**TASK**
What's wanted here is the full listing below, repeated exactly, with no images in it.

**COLLECTED DATA**
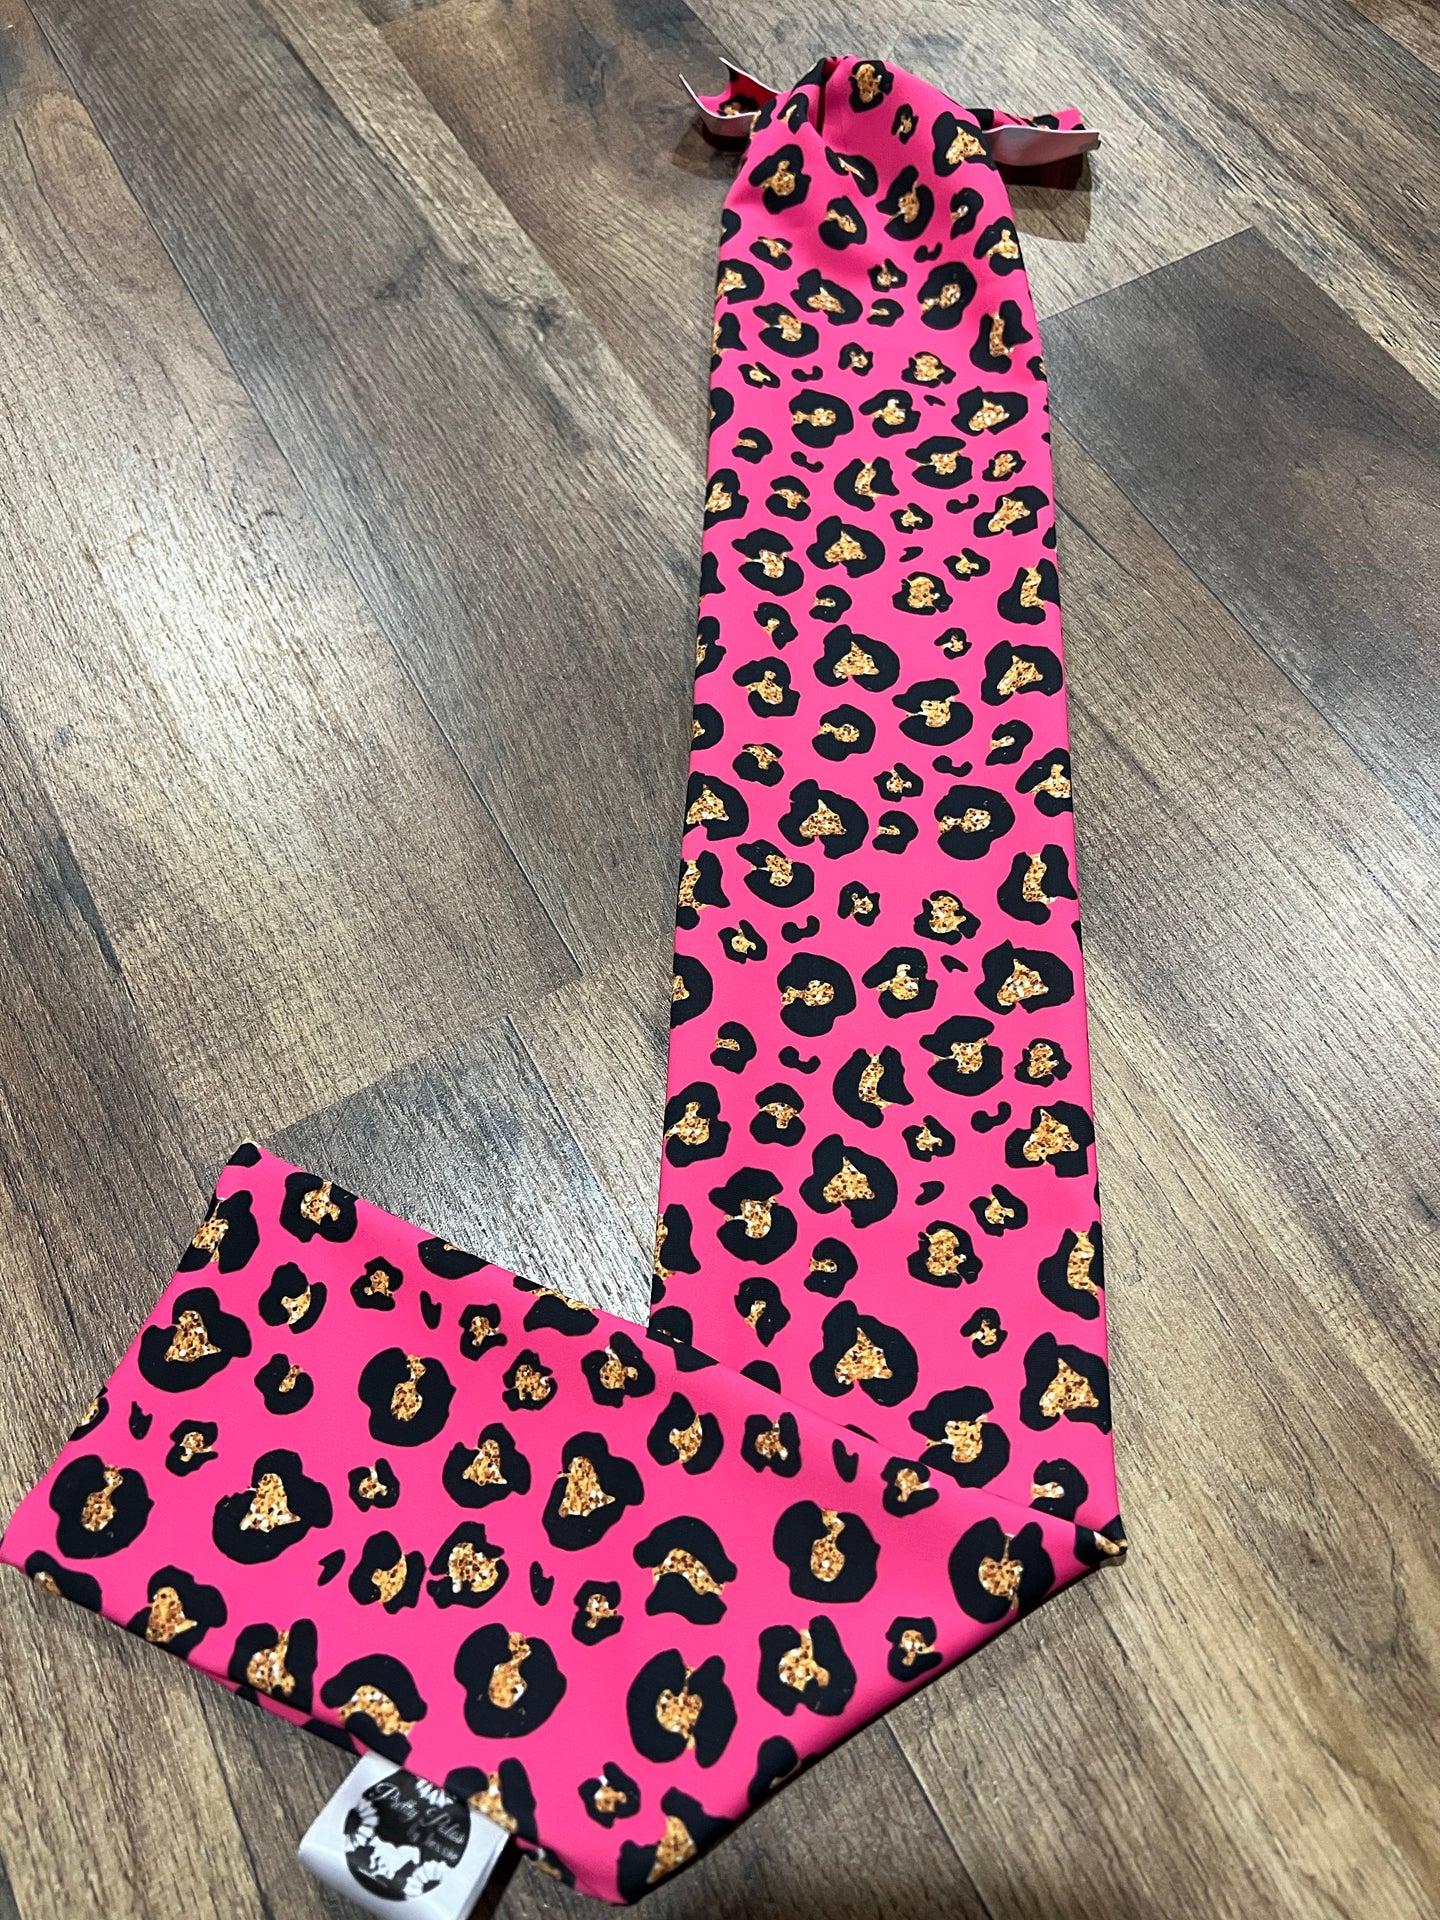 Hot pink cheetah tailbag
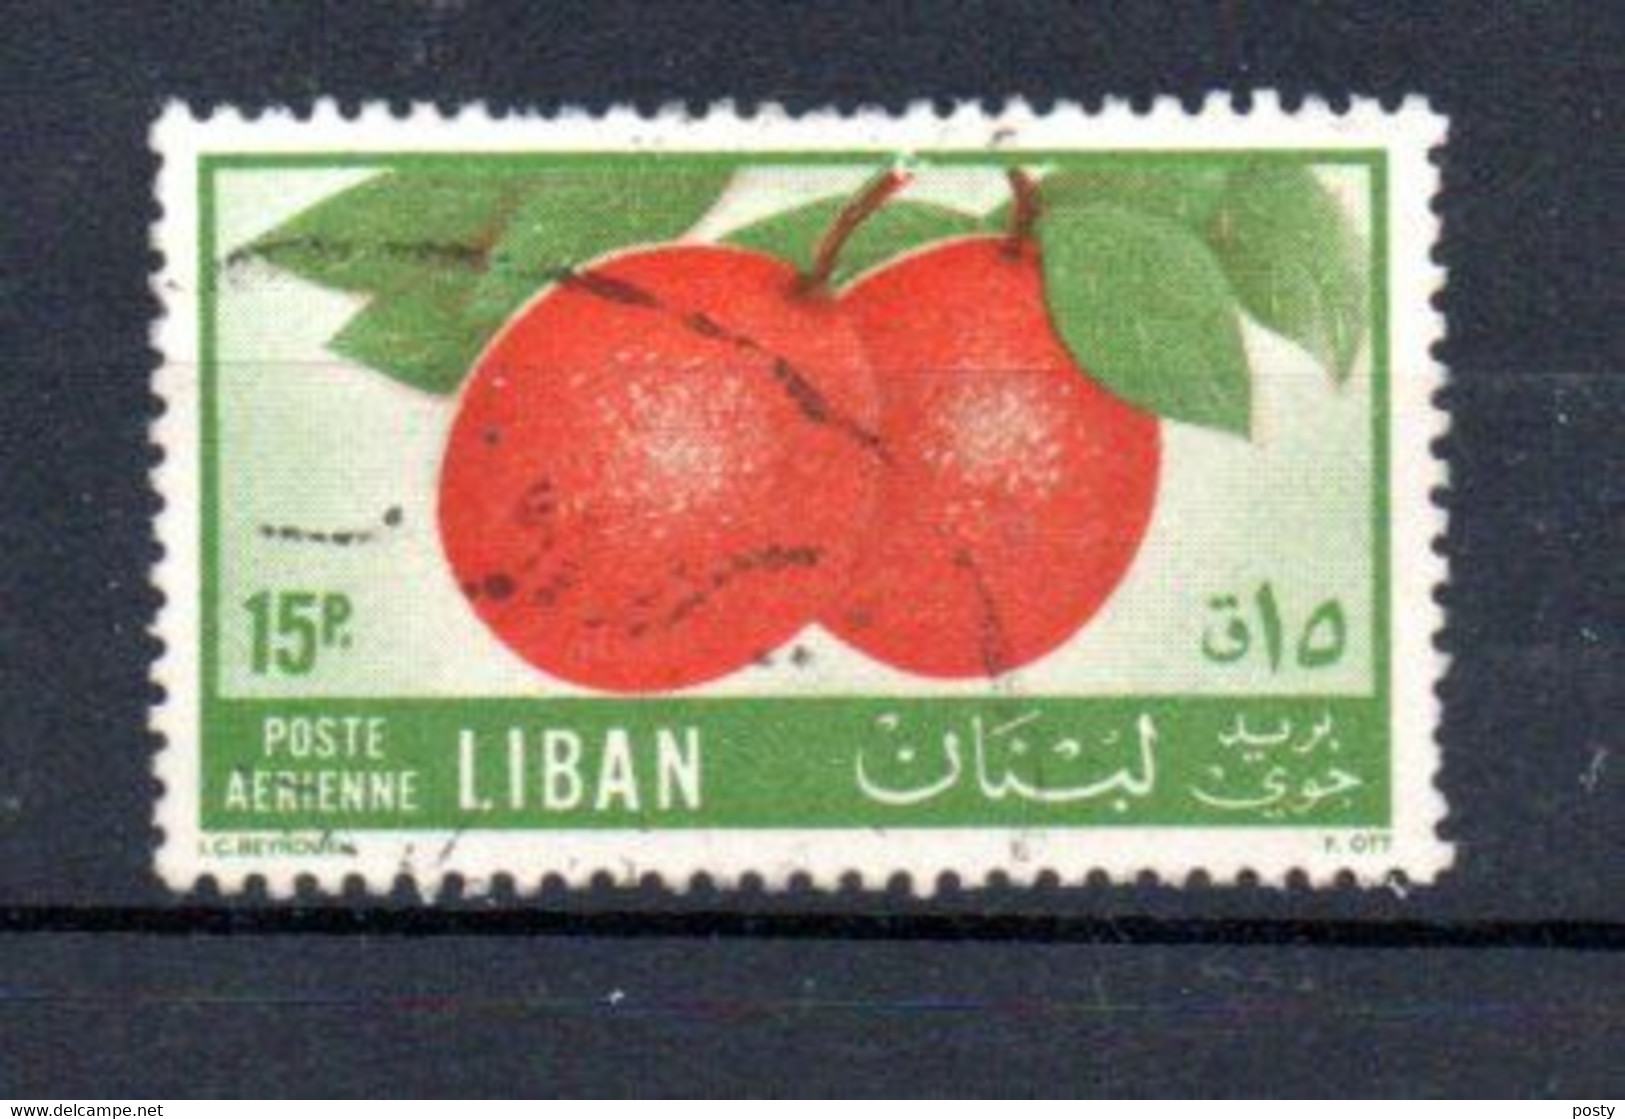 LIBAN - LEBANON - 1955 - POSTE AERIENNE - AIRMAIL - ORANGES - Oblitéré - Used - 15p - - Liban
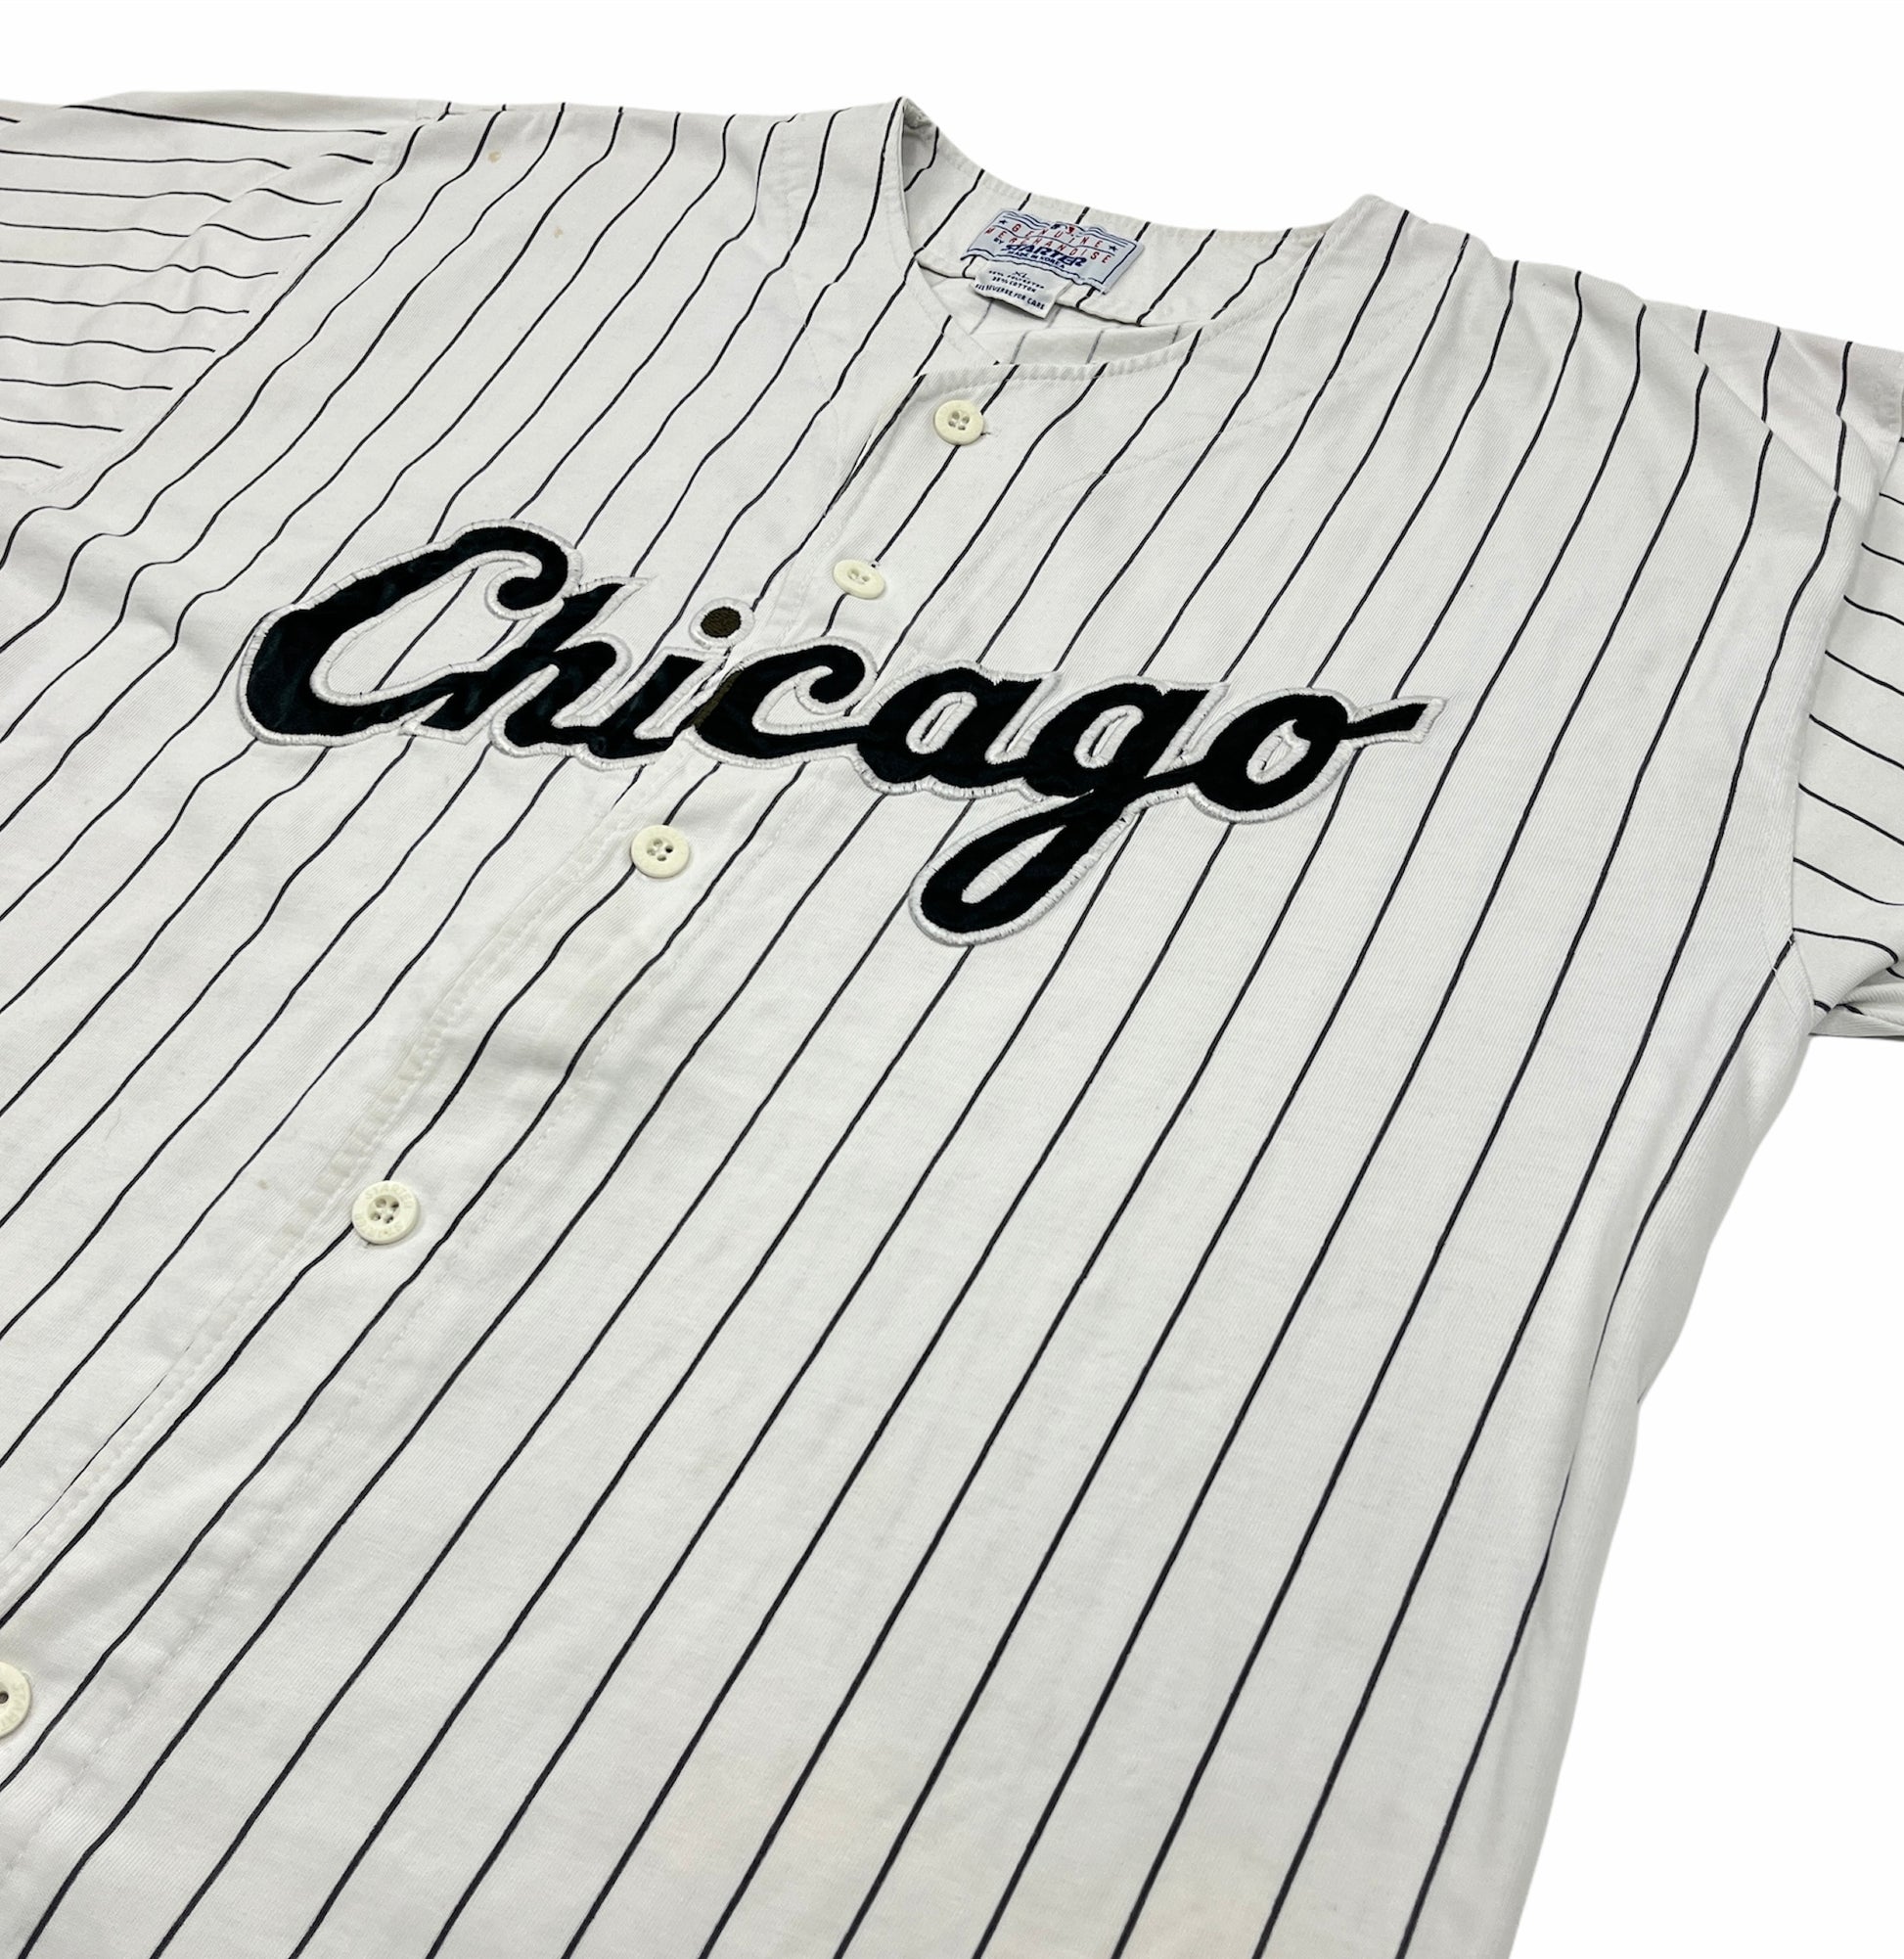 Vintage Chicago Bulls Starter Baseball Jersey

**TASK ANSWER**
 Hot pink cheetah tailbag
 LIBAN - LEBANON - 1955 - POSTE AERIENNE - AIRMAIL - ORANGES - Oblitéré - Used - 15p - - Liban
 Vintage Chicago Bulls Starter Baseball Jersey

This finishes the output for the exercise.